# Firefiend's Office Nano...



## firefiend (Sep 3, 2009)

*9.19.11 update!*

19 days after planting and things are looking good. The stems are growing nicely and the S. Subulata is sending out runners!

I added a bit of wysteria (which I plan on trimming regularly to keep it tame) and a bit of floating pennywort. The pond snails are, of course, breeding well and I added a nerite snail. This week I'm going to add the fish though I still haven't concluded the betta vs. white cloud debate.

And now the pic...


----------



## pennfisherman (Jan 18, 2011)

I like it! You should go with shrimp you wont regret it!:hihi:


----------



## freph (Apr 4, 2011)

pennfisherman said:


> I like it! You should go with shrimp you wont regret it!:hihi:


I second this.


----------



## firefiend (Sep 3, 2009)

*1 Month update!*

Well, after 1 month things are looking really good. The Dwarf Sag has produced 6 more plantlets. The L. arculata reached the surface so I trimmed them and replanted. Meanwhile the original stems have several side shoots growing at the base of the stems so in time it will fill in for a nice bushy center. The B. Monnieri is starting to grow emergent and the floating Hydrocotyle is doing quite well. Also cut and replanted some side-shoots from the R. roundiflora.

And now the pics!

Here is the top view of the Bacopa and Hydrocotyle.

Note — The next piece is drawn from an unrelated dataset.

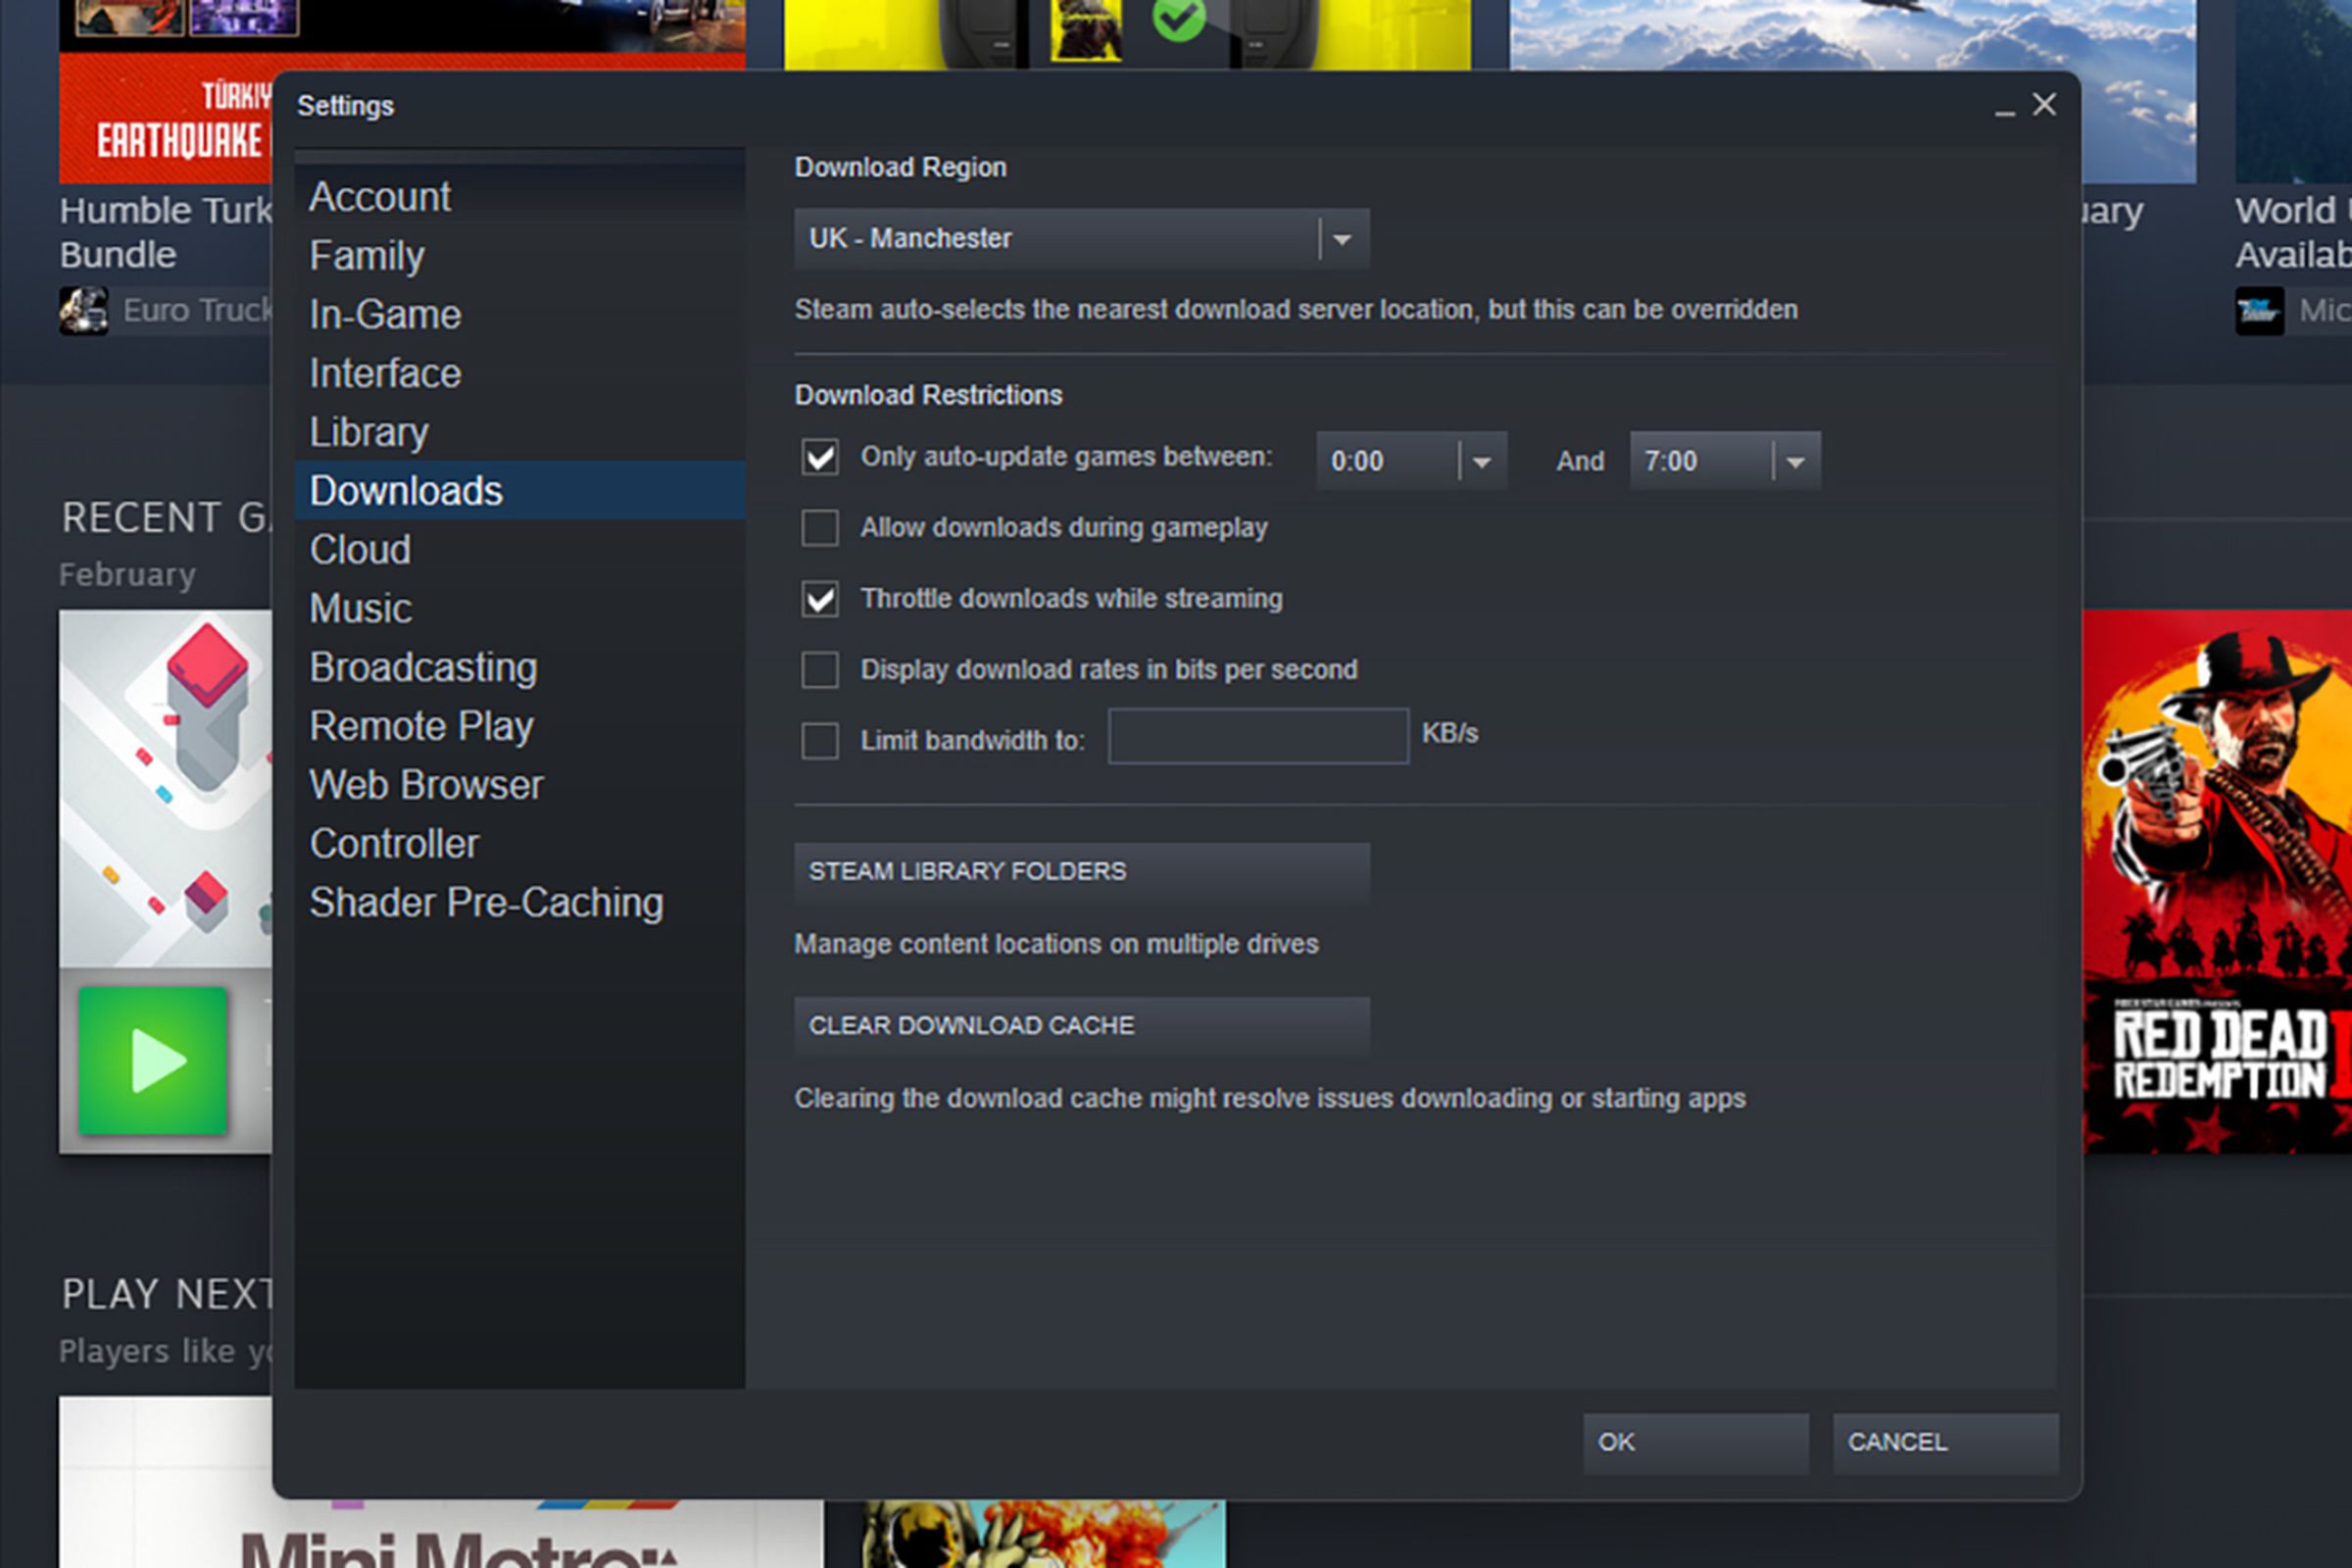 Steam web page with download options; two are checked: Only auto update games between 0:00 and 7:00, and Throttle downloads while streaming.

The new L. arculata shoots...









One of the two ghost shrimps...









A couple of the White Clouds... the one female; there are three males and they're actively trying to whoo her, lol.









FTS...









Sorry for the cell phone pics... it's all I have.


----------



## Quentin (Mar 16, 2011)

I like I like


----------



## firefiend (Sep 3, 2009)

*10.7.2011 Update*

Things are going really well with this little tank. I did some water testing (though I haven't calibrated the kit yet) and learned the tank isn't quite cycled yet; which isn't a problem as I'm doing weekly WC's anyway. My readings:

Pre-WC

NH3/4 - .25 ppm
NO2 - .15 ppm
NO3 - 5 ppm

Post-WC

NH3/4 - 0 ppm
NO2 - 0 ppm
NO3 - ~5 ppm

The pH is around 7.4 which isn't causing any problems so I'm not going to mess with it.


The FTS...









The Dwarf Sag is filling is really nice.









The L. Arcuata is also doing well...









The B. Monnieri is going emergent and putting off some side shoots.









And the tops view... Emergent Bacopa and H. leucocephala; both doing very well.


----------



## Geniusdudekiran (Dec 6, 2010)

I like it. LOVE the dwarf sag. But you really need a filler plant in the back, like cabomba or rotala rotundifolia to make the tank look lush and fuller.


----------



## firefiend (Sep 3, 2009)

Geniusdudekiran said:


> I like it. LOVE the dwarf sag. But you really need a filler plant in the back, like cabomba or rotala rotundifolia to make the tank look lush and fuller.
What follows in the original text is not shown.